Life continues past the months of June, July, and August and so must the counselors of Day Camp.


Is it TRUE?!

I really should've been doing one of twenty dozen other things right now instead of making sure MySpace still sucks, but I just clicked on Frodo's link and MySpace gave me the following message, a message that sent joyous flutters throughout my stomach and a paroxysm of pleasure throughout my pancreas:

This user has either cancelled their membership, or their account has been deleted. [sic]

Is it true? Is it TRUE?! Has Frodo been saved? Have the benevolent forces of good grammar and web page usability won a convert back to their fold? Say it's so, Frodo. Say it's so. Angels in heaven are rejoicing as I type.

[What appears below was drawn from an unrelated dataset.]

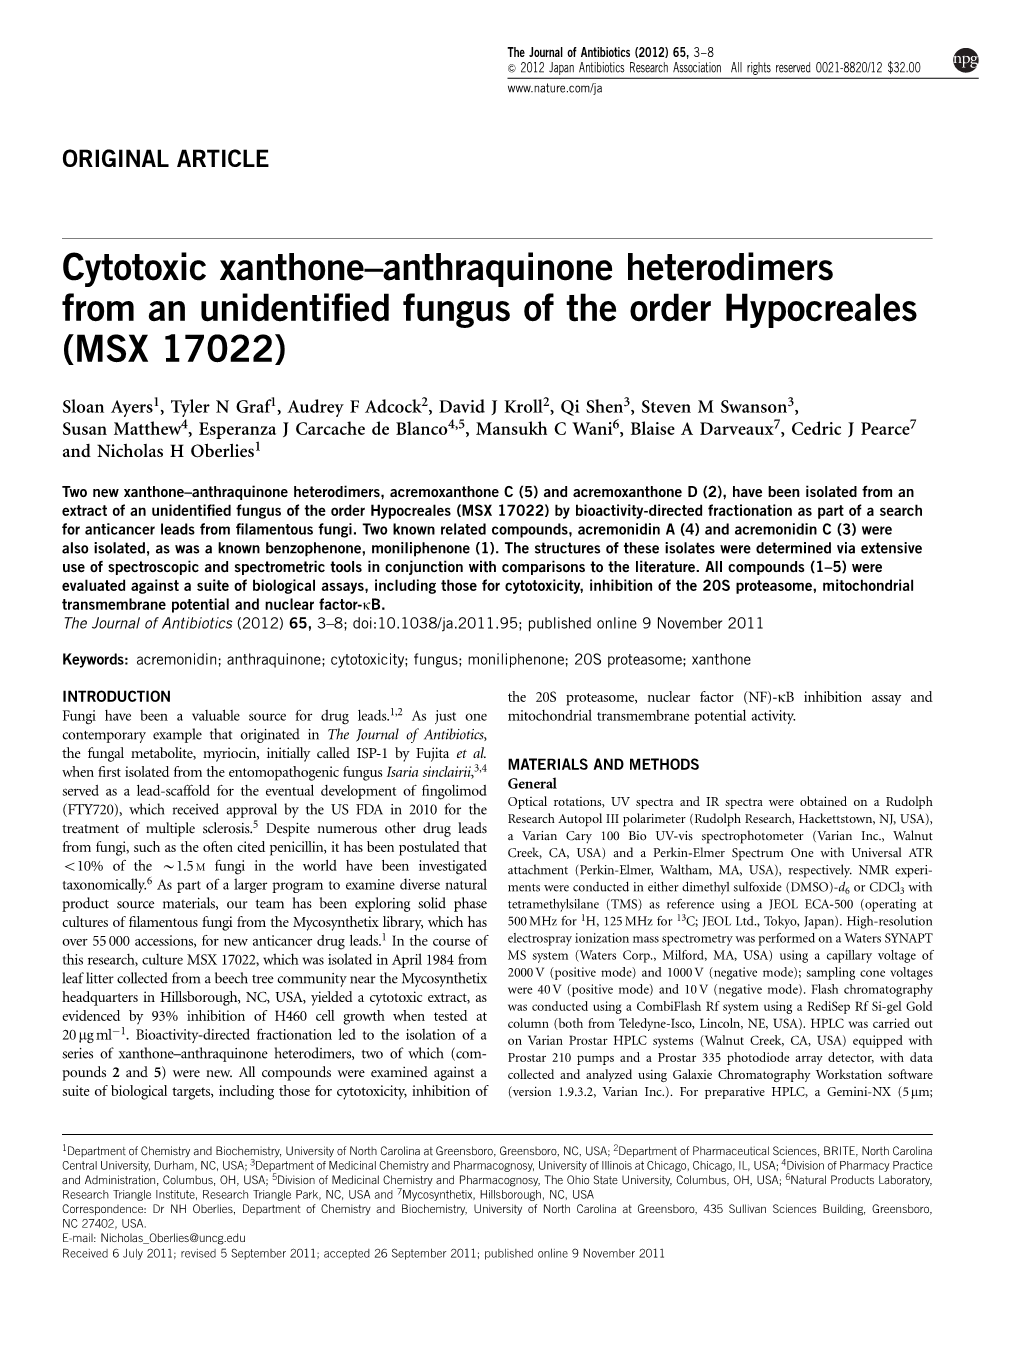 Cytotoxic Xanthone–Anthraquinone Heterodimers from an Unidentified

  1. People whose MySpaces are partially unreadable: DeeDee, Snaps
  2. People whose MySpaces aren't even a little bit readable: Montana
  3. People who think they should be allowed to hijack my computer's speaker, drowning out my soundtrack to In The Mix with whatever no-bit-rate song they think sounds "kewl": Hula, Montana, Jayber
  4. People who do [3] one worse by forcing video on me: Spidey
  5. Person with the most friends: Snaps, 307, with about three times as many as her nearest competitor
  6. Person who really oughtta get a life: Me. (Bet you thought I was gonna say Snaps, huh? Nope. I'd hate to tangle with her and her 307 internet superfriends.)


Blogger Chilly said...

thank you gator. thank you.

1:11 PM

Blogger Gator said...

Two posts in three days. What'd you guys get me for Christmas?

1:16 PM

Blogger alexandra said...

what is this???

seriously, gator, the bitterness i feel in my heart right now is not really meshing with my "Christmas spirit"... something i would've thought you might've picked up somewhere around the lap of santa.

jerk. (you're just jealous cuz i'm more popular.)

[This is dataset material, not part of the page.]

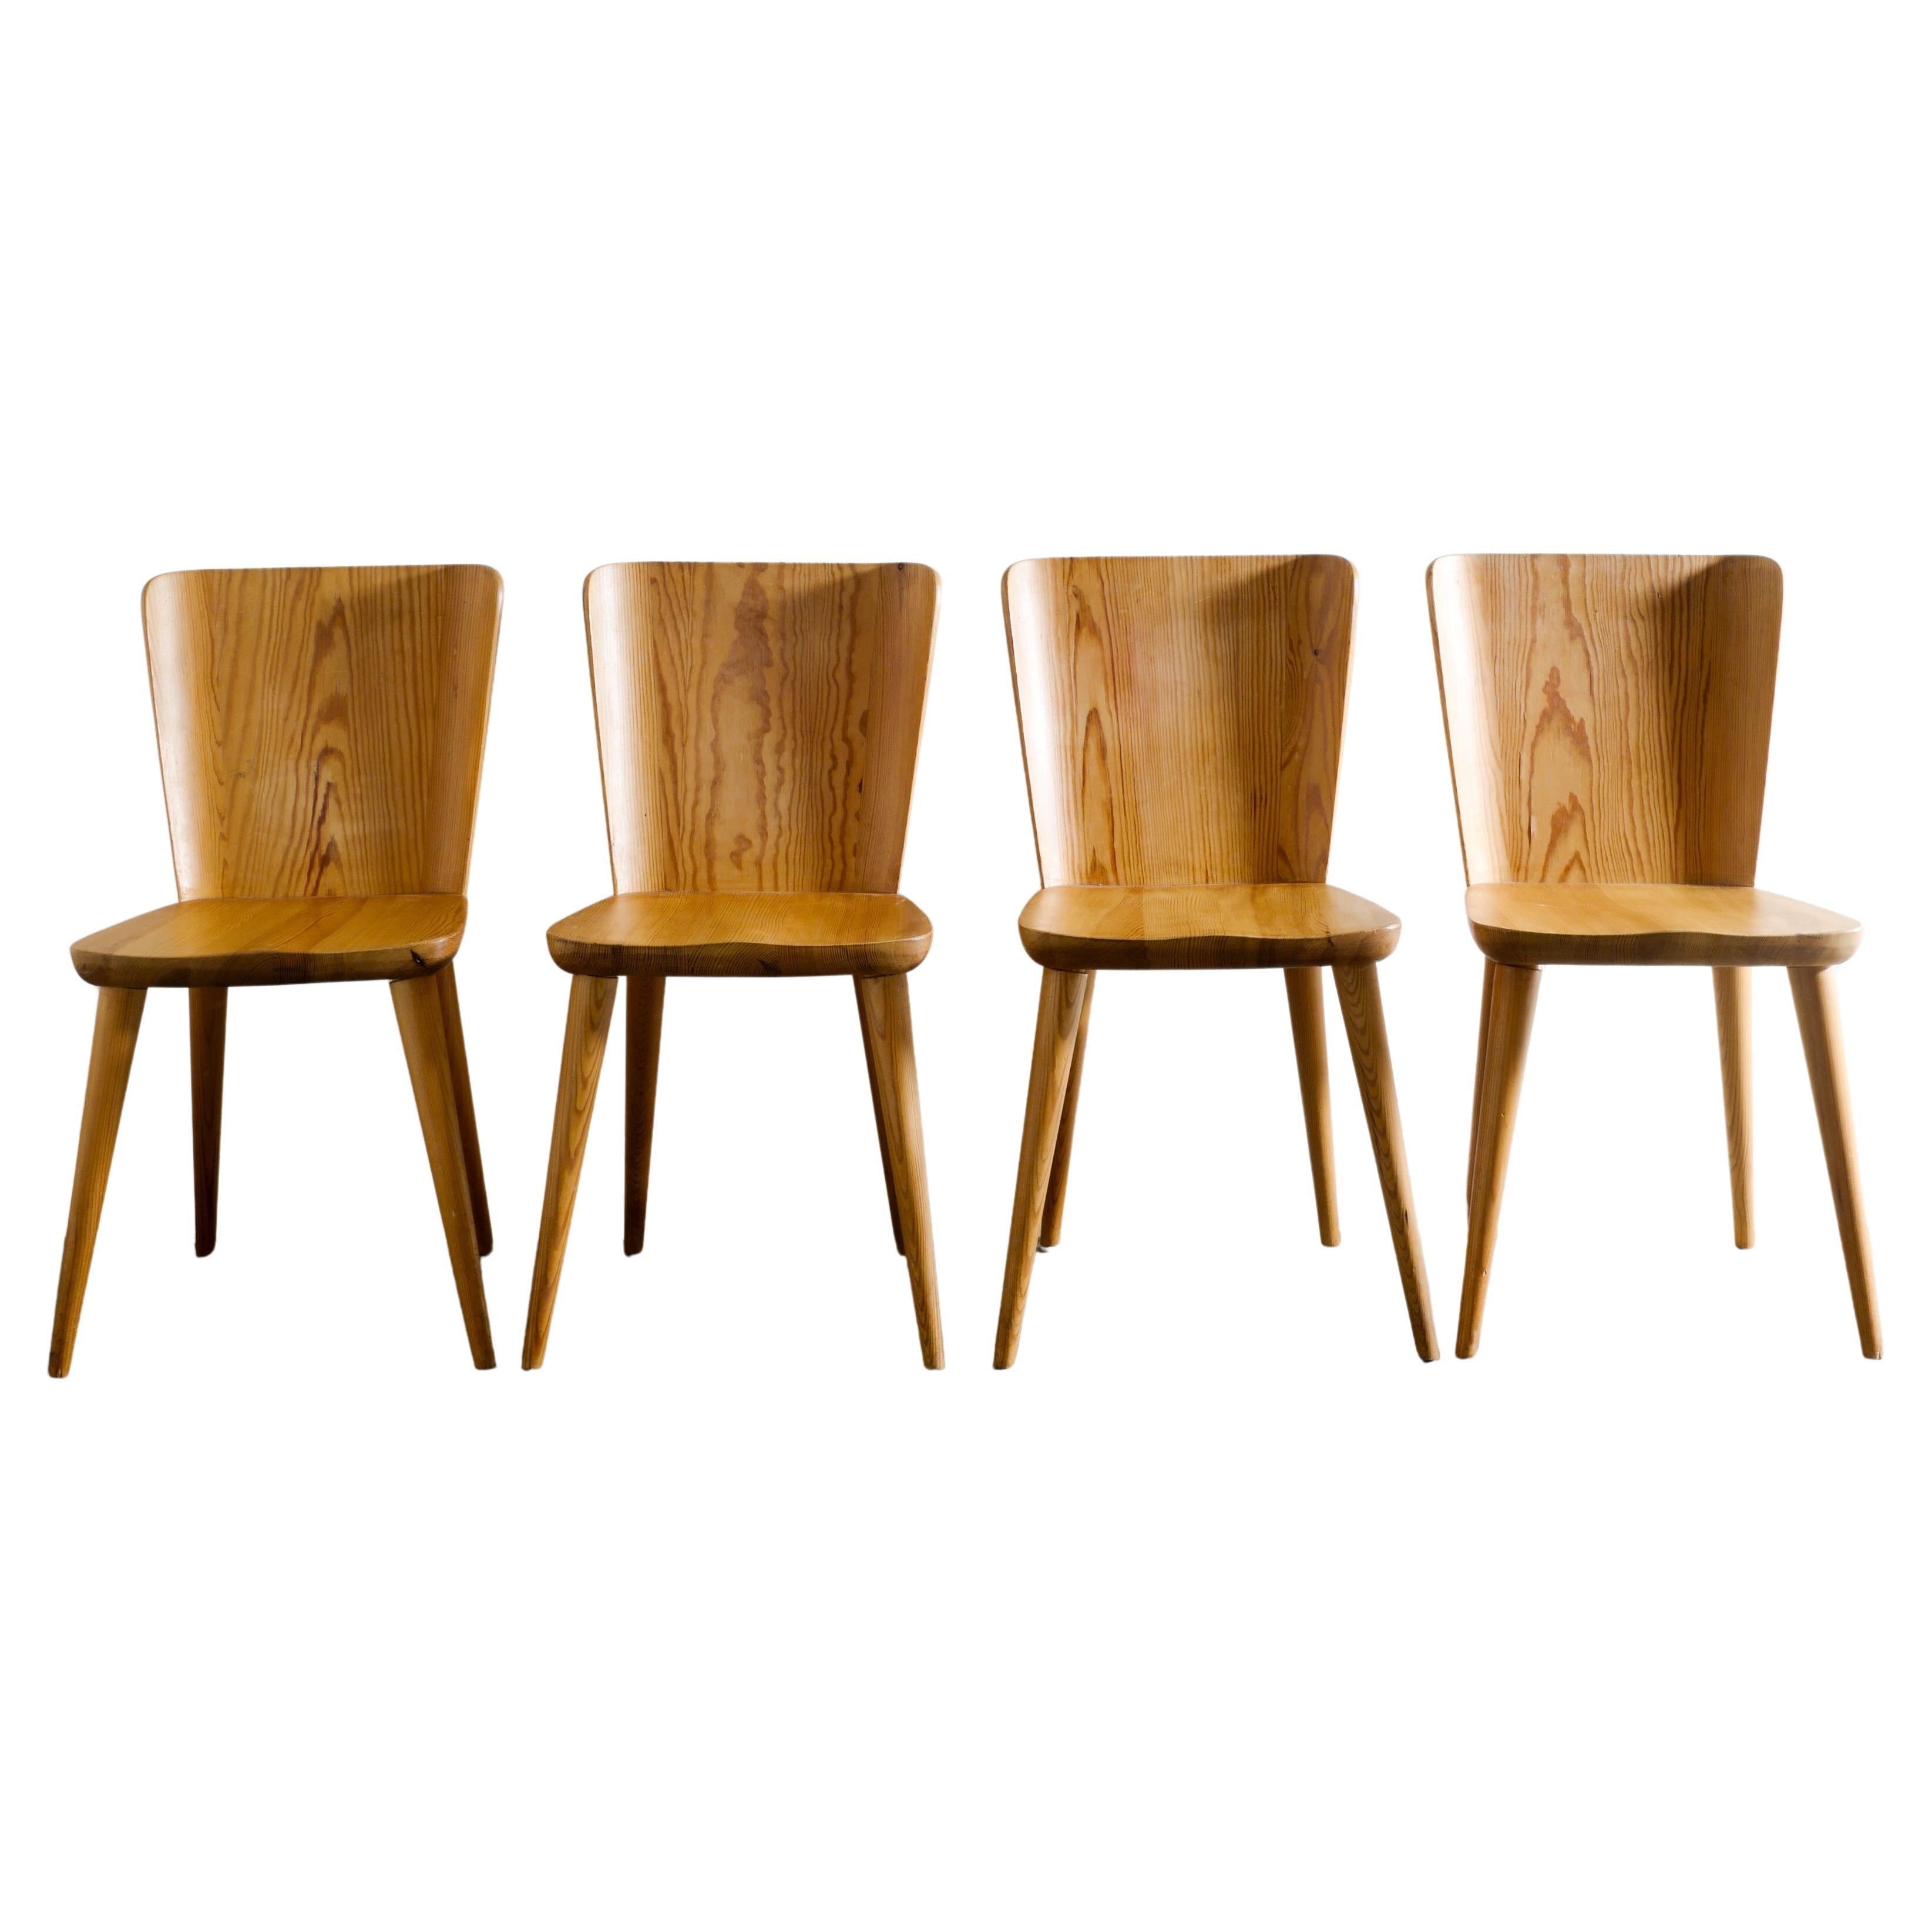 Four Göran Malmvall Mid Century Dining Chairs in Pine Produced in Sweden, 1940s

P.S. gator has a myspace account.
i saw it when i was at his house. its under his gmail email name. look him up.

1:29 PM

Blogger Fisher-man said...

Ooooooohhhhhh - - - - Did she just out you? I mean, can you even go on MySpace if you don't have an account? Sounds like G8R might have a little MySpace page of his own.

By the way: This post is hilarious.

11:50 PM

Blogger Matt said...

Gator, I laughed at first that you called out all the myspacers, but then I realized you're like that kid who sits next to the football field hoping that one of the other kids won't show up so you can play.

eff it, good post.

1:32 AM

Blogger Christopher said...

Don't hate sucka

9:31 AM

Blogger Michael K. said...

Glad you pointed out the fact that you're the big loser here. Just so you know, though, self-deprecation does not save you on this one. Realization that one is, in fact, a loser does not change the loser-quotient for one's self. Sorry buddy.

10:41 AM

Blogger Gator said...

Seems Jav has finally, after many long nights in the lab, turned the English language into his own Doomsday device, completely obliterating meaning with all his fifty-cent words. *sigh* I am not going to enjoy this blog when that boy gets his Ph.D.

10:51 AM

Blogger Christopher said...

Reading Jav's words makes my head hurt.

1:40 PM

Blogger Frodo said...

Yes, it is true. God reached down into the myspace mire, and rescued me. In fact, I have been so out of the internet loop, that I haven't been able on blogger, hence how long it took me to confirm that I am OFF!